In my previous blog, I talked about the two main ways you can program for parallel computing with the Intel compiler: Using Cilk Plus compiler extension, and by using the Threading Building Blocks, or TBB. TBB is an open source library that provides a large selection of parallel-safe algorithms and data structures.
Notice I said parallel-safe, not the usual thread-safe. That’s because a function or class can claim to be thread-safe, but that doesn’t necessarily mean it’s always safe for parallel programming. And while I’m essentially making up the term parallel-safe, I’ve seen a great number of classes out there that boldly claim thread-safe, but will break under parallel development. Buyer beware! It’s easy to make a class thread safe whereby the internal functions don’t clash and ignore each other or create deadlocks. But that doesn’t always mean the functions will operate correctly under true parallel code. Or they might work just fine, but ultimately get executed in serial, thus providing no performance benefit.
The main issue here is reduction. The developer of a class might include various locks in the member functions to ensure thread safety such that no races or deadlocks occur. But if you’re hoping for maximum horsepower in your code, then you might find that the class was coded in such a way that the functions in the class make over-use of critical sections, causing all threads to stop as one thread executes. Then when that thread is done the next one runs, and so on. The end result is essentially a serial rather than parallel run. So much for maximum horsepower. Yet the class is thread-safe, right? The problem, of course, is that the developer didn’t factor in parallel programming (such as parallel for loops, and especially reduction), and instead only worked to prevent multiple threads from clashing.
TBB to the rescue
Take a look at the parallel reduce algorithm found in the TBB documentation. This algorithm, like the others, is implemented as a template function. This algorithm helps you break up your own algorithms to operate simultaneously on smaller chunks of data. This class isn’t for the faint of heart; you’re going to have to work a bit to put it to use. However, if you use it correctly—by writing your class to include the correct functions, including the sub range operation and the reduction operation—the end result will be a high-performance reduction class. (Remember, you’re creating a class that provides the correct functions, and then calling the template function; thus, the part you create is a class, not just a function.)
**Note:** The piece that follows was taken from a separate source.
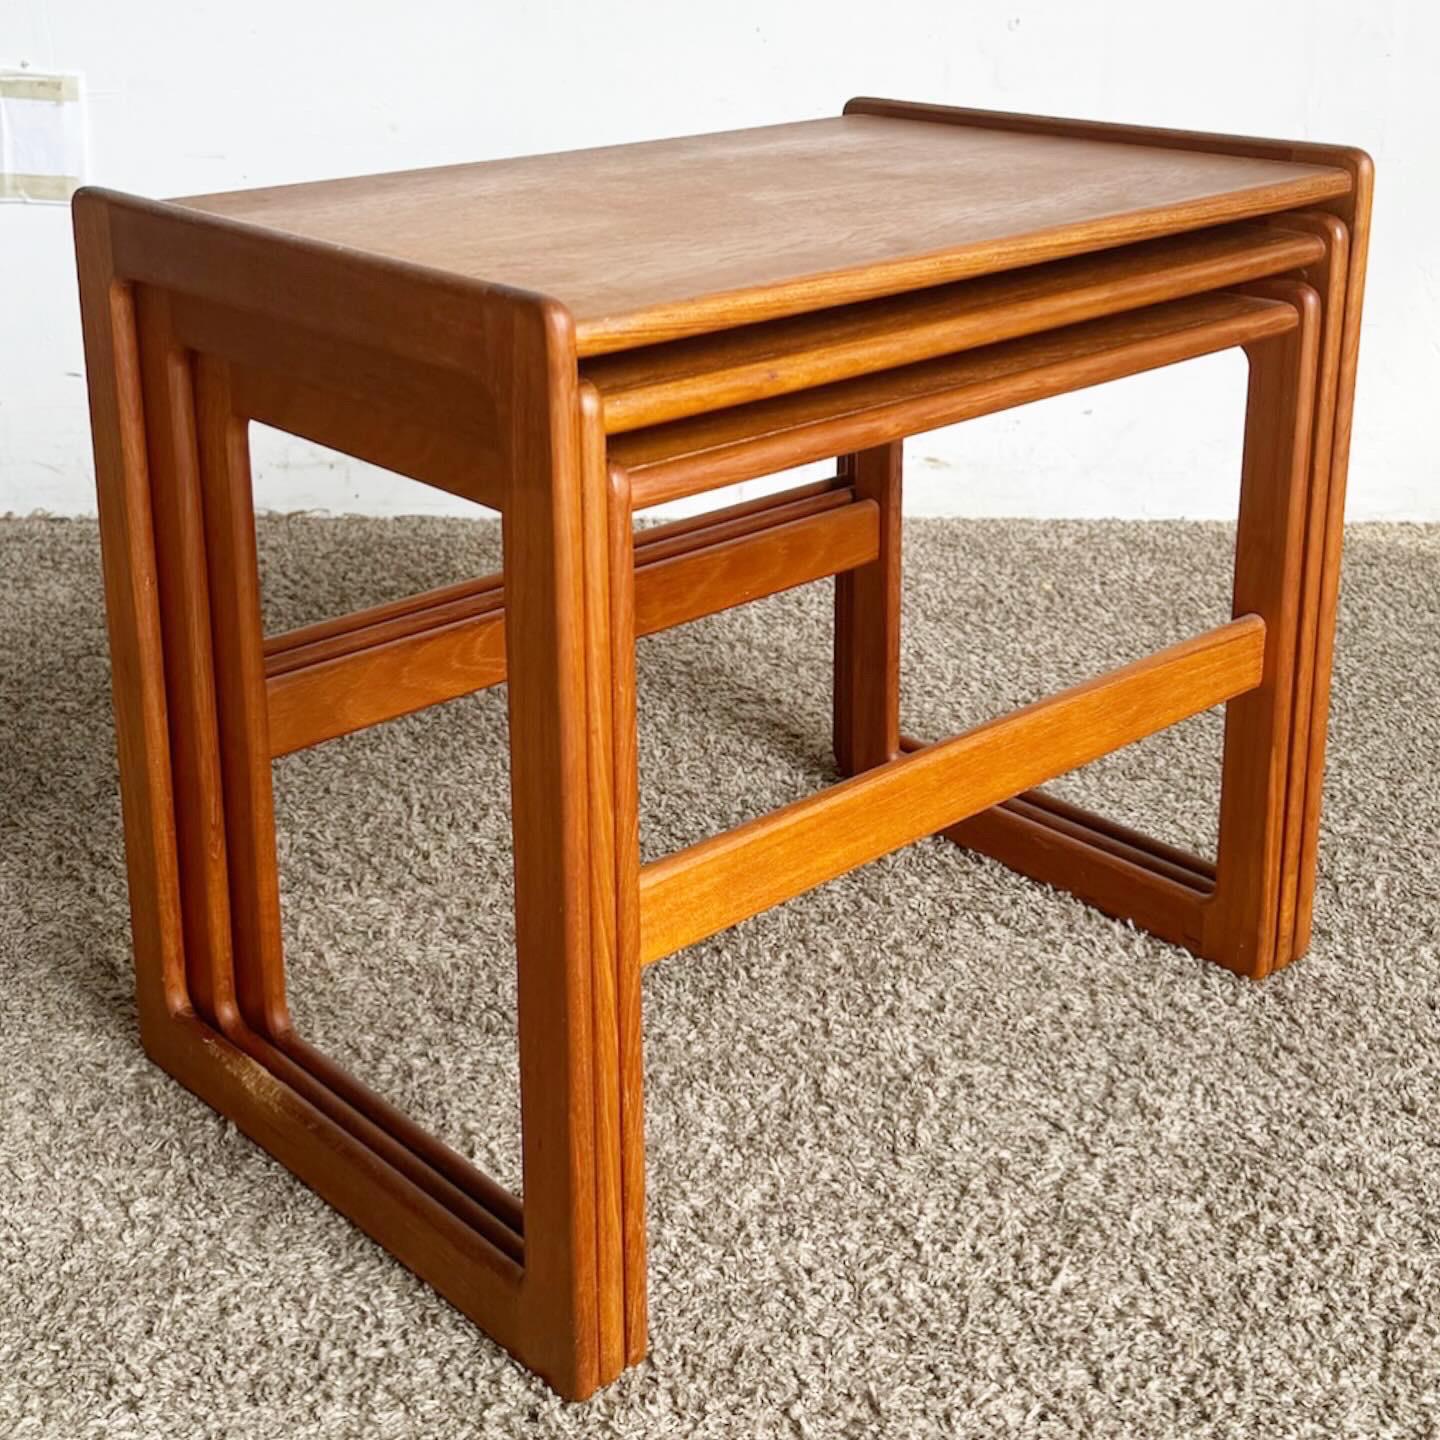 Die Mid Century Modern Teak Nesting Tables, ein Set aus drei Tischen, bieten stilvolle Vielseitigkeit im klassischen Mid-Century-Design. Sie sind aus hochwertigem Teakholz gefertigt und weisen eine natürliche Maserung auf, die jeden Raum mit

So what does this mean for your coding? In this case, instead of just relying on a third-party class, you wrote your own class, and then made use of the reduction template function. That will probably mean a bit more work compared to dropping in some free class you found out on the Internet. But the payoff is increased performance.
Also, there are other classes in TBB you don’t need to write yourself, including, for example, concurrent_vector, which is a parallel form of the standard vector class. Take a look at the whole documentation and you’ll see how much is there.
What about portability?
Now one question I’ve been asked is what this will do for portability. The answer: Not a problem! That’s where TBB shines. Unlike Cilk Plus, where you’re using compiler extensions that won’t port to all compilers, TBB is written as an open-source, compiler-independent library, and as such will work with most modern compilers.
But before ending, I need to point out that Intel has ported their Cilk Plus extensions to the GNU C++ compiler. That means that although you still can’t take your Cilk Plus code to every C++ compiler, you can use it with more than just the Intel compiler, so you’re not totally locked in. Still, TBB goes even further and should work with any compiler. Bottom line: You can use compiler extensions or an open-source library to accomplish your parallel code. The choice is yours.